Outtake: Dad #CrossCatherine


Hey, loves!

The schedule kind of got messed up a bit, but hopefully we’ll be back on track with outtakes on Fridays as usual. I actually got the idea for this particular outtake from a post in my reader group. It was kind of perfect for Cross and his kids, so I thought you might all like to see that be brought to life. 😊

Onto the outtake, loves.

*

Cross + Catherine
Catherine POV
Dad

“Can I? Can I do it, Papa?”
Catherine followed the voice of her four-year-old son, letting it lead her to the rear French doors of their three-level home that took them to the veranda. Standing in the doorway, her gaze scanned the large backyard at the same time she heard Cross reply to Naz, “Yeah, jump. I’ll catch you.”
Jump?
She didn’t have to search for long before she found the source of their conversation and the fucking answer to her question. There stood her husband, fifteen or more feet down on the ground from where their son currently waited. In this fledgling treehouse. Right then, it was nothing more than the bones of what would be the treehouse. Likely by the weekend, it would be finished once all the guys came back over to help Cross put in the walls, the roof, and a better way up than the boards nailed into the side of the tree and a plank they walked up like they were currently using.
The better question, though?
Why was Naz up there?
They had already agreed the kid wouldn’t be playing in the treehouse until it was fully safe and ready to do so. Hell, the thing didn’t even have walls.
He shouldn’t be up there.
Never mind talking about jumping.
The second the kid let it slip that he and Cece might like a treehouse, Cross had shit planned out before he laid his head down that same night to sleep.
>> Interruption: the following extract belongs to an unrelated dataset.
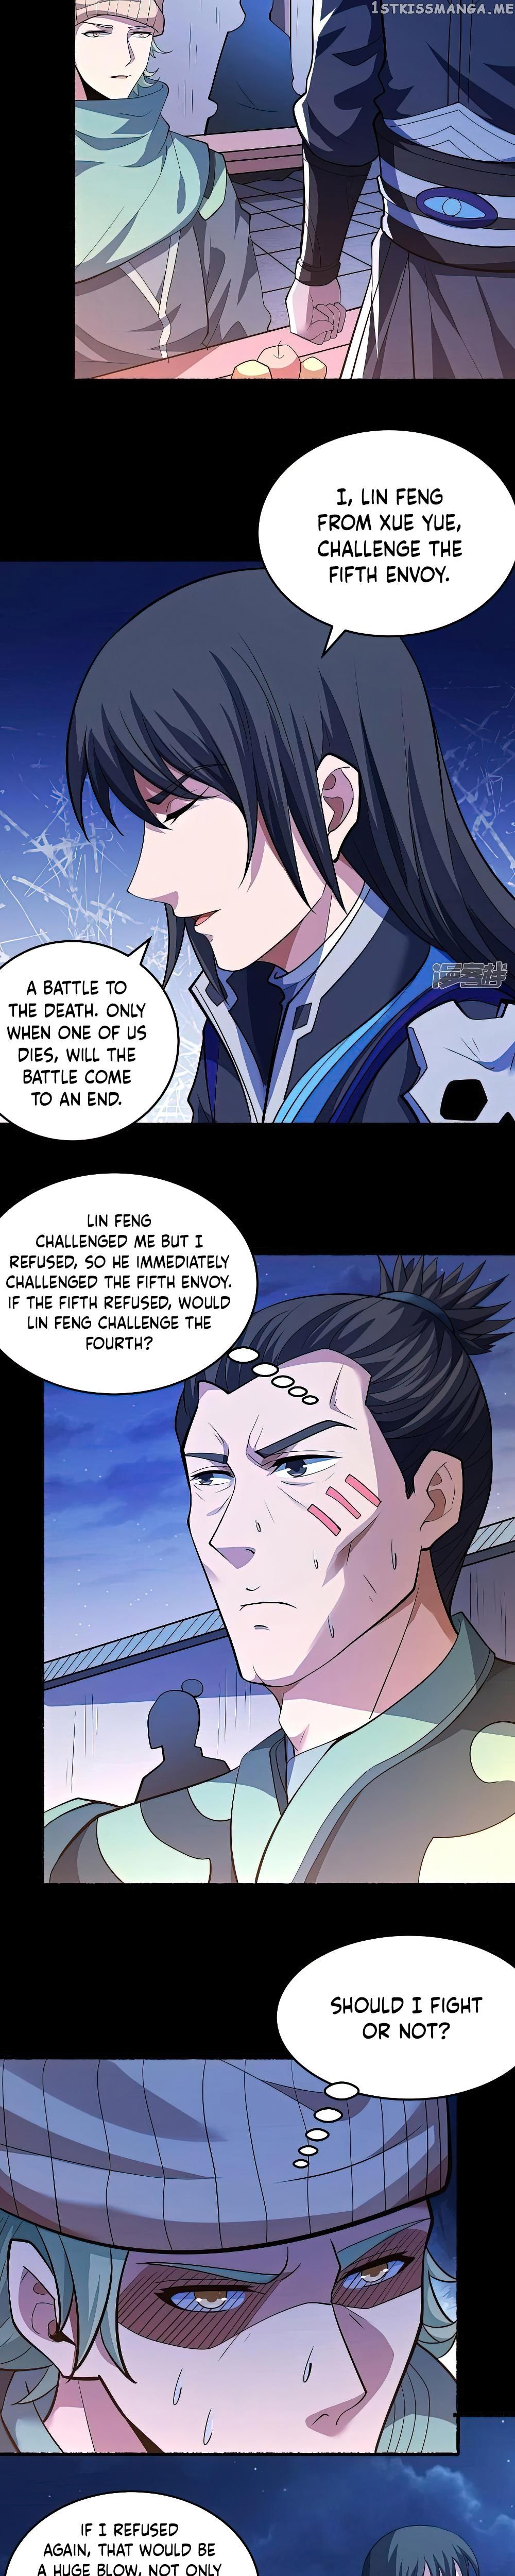 God of Martial Arts Chapter 610 - Page 8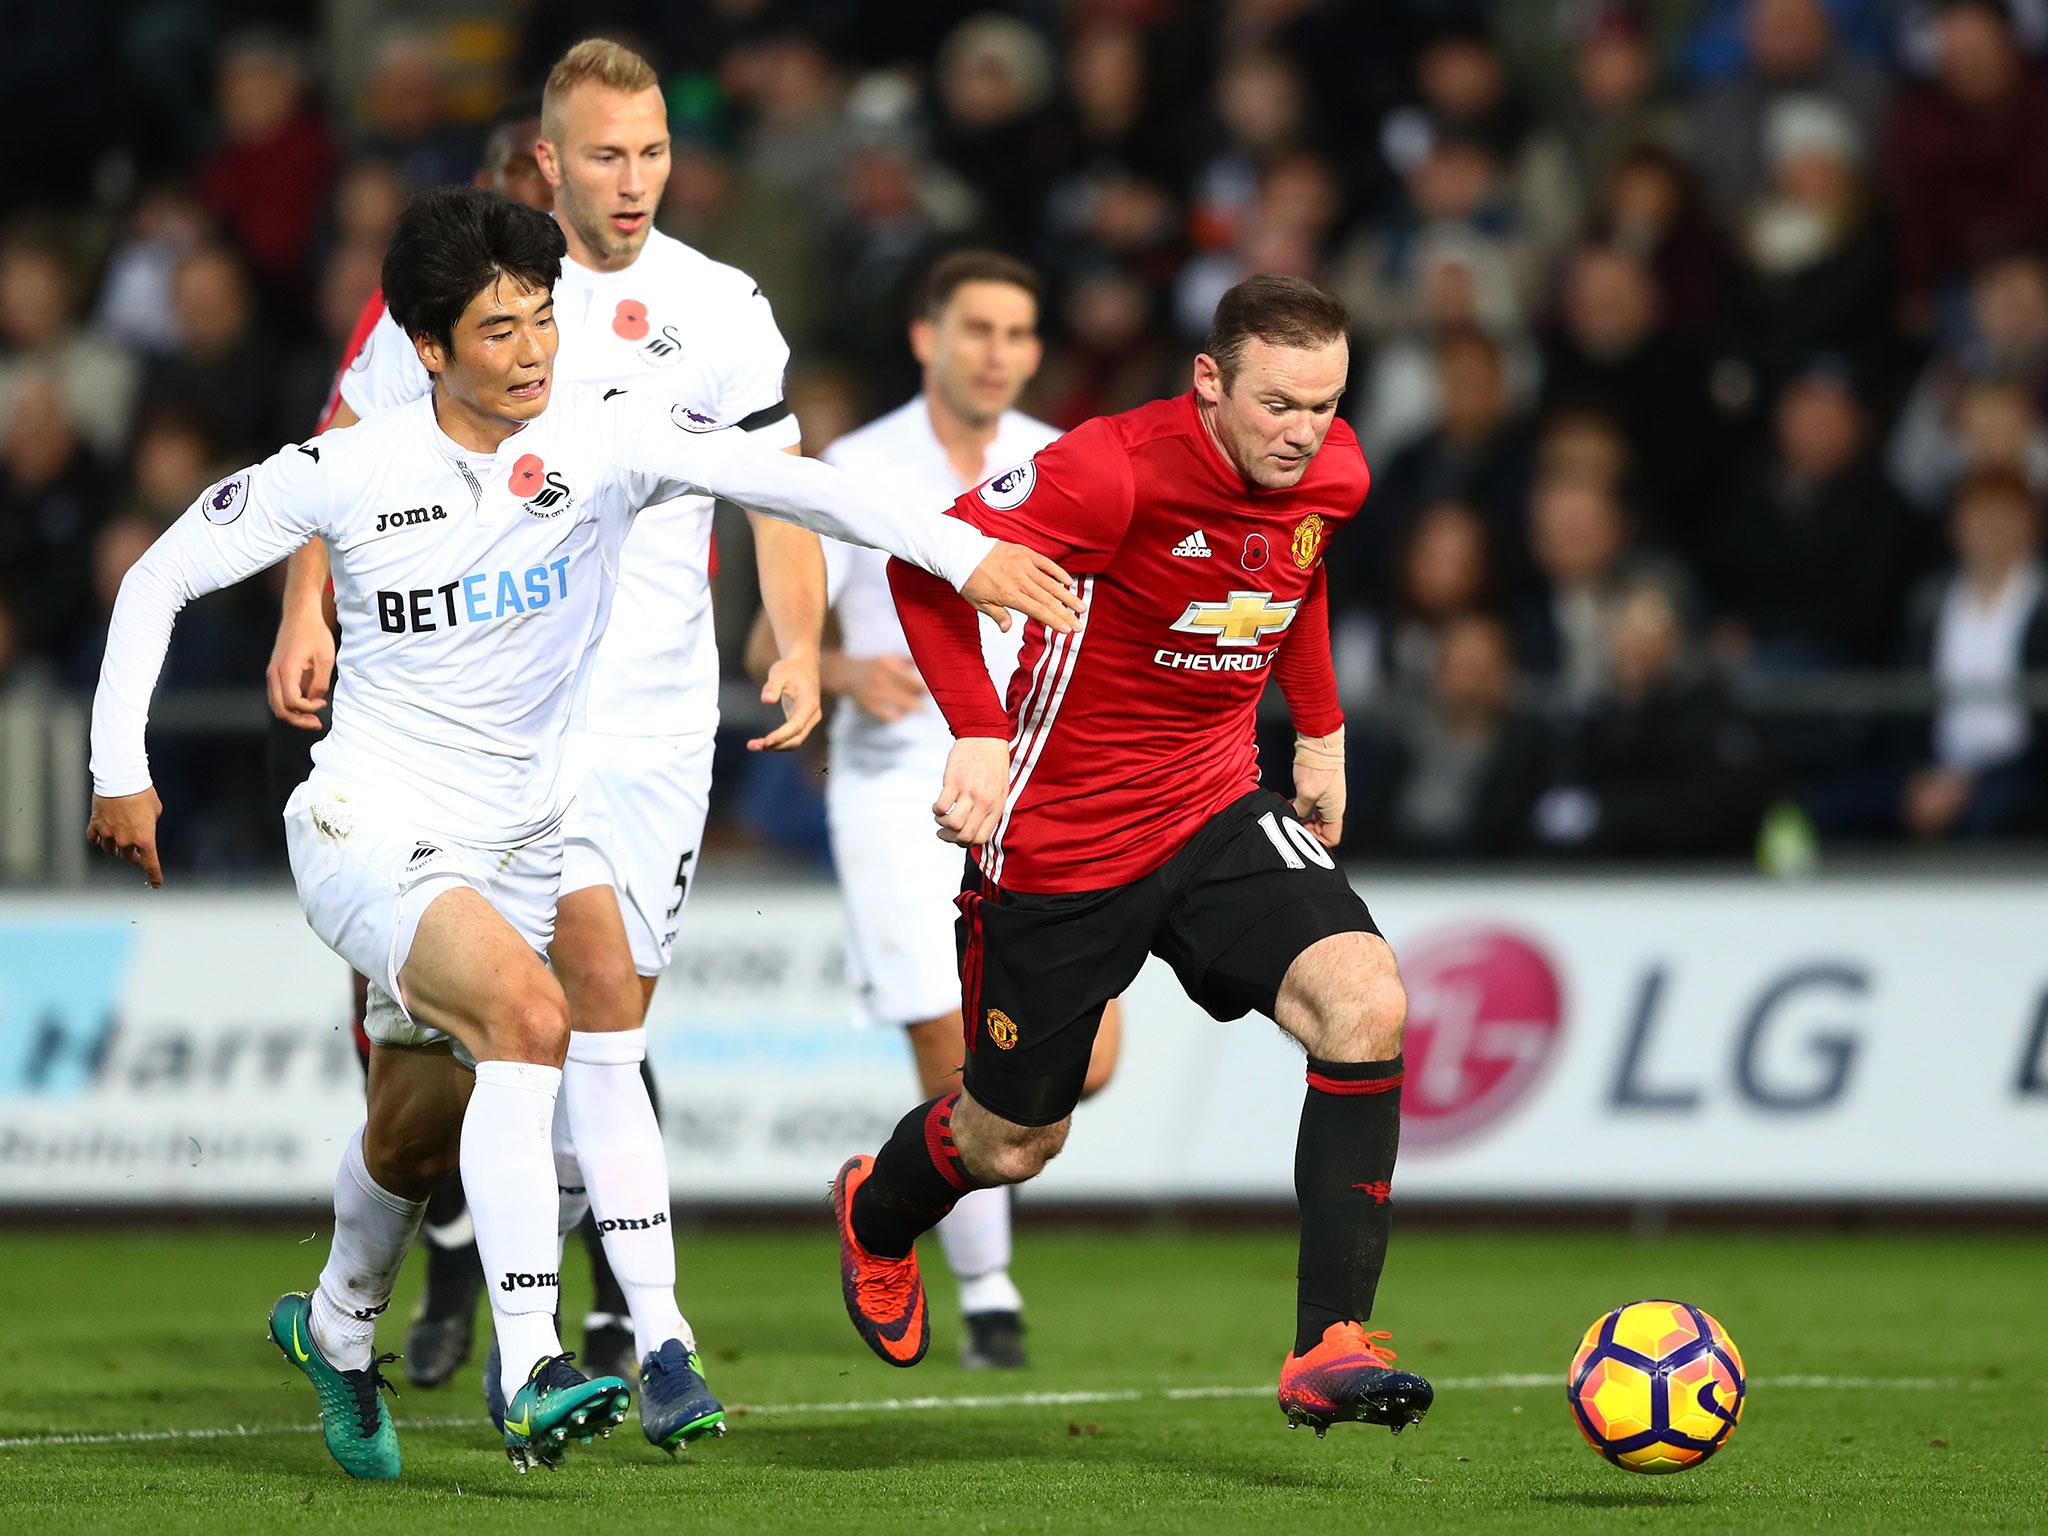 Rooney was impressive for United in recent games against Swansea and Fenerbahce

Though he held everything in his life in high regard, the one thing he took most serious was being a dad.
Their dad.
Catherine loved him so much for that. Her father had been the same way as she grew up—always willing to put less important things aside so that his kids never forgot like they were an afterthought to Dante. It was the same reason why she knew that if today, or on any other day, the only thing she wanted to do was call and talk to her dad, she could do just that. Dante wouldn’t make her think anything else.
Their kids would be the same with Cross, she knew. Catherine didn’t think he understood how much that would mean to them in the future, but someday he would. Hopefully.
“Are you gonna jump, or what?” she heard Cross call.
“Yeah! Like, fly, right?”
Cross chuckled, his gaze darting toward the house before snapping right back to where Naz was still hanging dangerously close to the edge of the platform. Fat too high. If he noticed his wife standing at the rear doors, she couldn’t tell. Not that it mattered. Surely, Cross wasn’t really going to let him jump down from there.
“Hurry, before your Ma—”
Catherine opened her mouth to shout out to Cross and Naz that nobody was going to be jumping down from that goddamn treehouse. But she didn’t get the chance to say anything at all. Naz took three quick steps back in his little Timberland boots, and then he darted forward just as fast. He didn’t even think about it. Didn’t look the least bit scared or worried. In fact, he was nothing more than a blur of a smile with arms stretched wide as he flew off the side of the platform and fell fast to his waiting father before.
She felt her heart drop.
Swore it jumped right back up into her throat at the same time.
Catherine didn’t even get the time to appreciate how thick her anxiety could become before everything was fine and okay again. Because Cross caught Naz and just as fast, the boy had two feet on the ground. His little toque with the furry ball on top bounced the same way he did while his pealing laughter echoed over the backyard.
Again! I wanna do it again!”
Cross looked toward the house once more, but this time, his gaze did land on Catherine. While she felt something akin to amusement, she was also sure her face didn’t look like it. “Probably not, buddy.”
That was that.
Naz headed for his tree swing.
Cross followed right behind.
It was still taking time for her to get used to the fact that their son wasn’t anything like their daughter, in a lot of ways. Her husband didn’t have a problem with that—that morning he snuggled with Cece after breakfast until he heart was content. This afternoon, he was letting their boy jump out of a treehouse like the kid had wings.
Later, he’d probably dangle Naz upside down by his ankles before he played pretend tea with Cece like he usually did in the evenings. When their daughter had been Naz’s age, Cross wouldn’t even let the girl look at a street without looking like he might kill anything and everything that dared to move in her direction.
Naz?
He just let the kid go.
Catherine didn’t get it.
That was Cross, though.
And he was just being a dad.
She knew that.
Even if sometimes it scared her to death.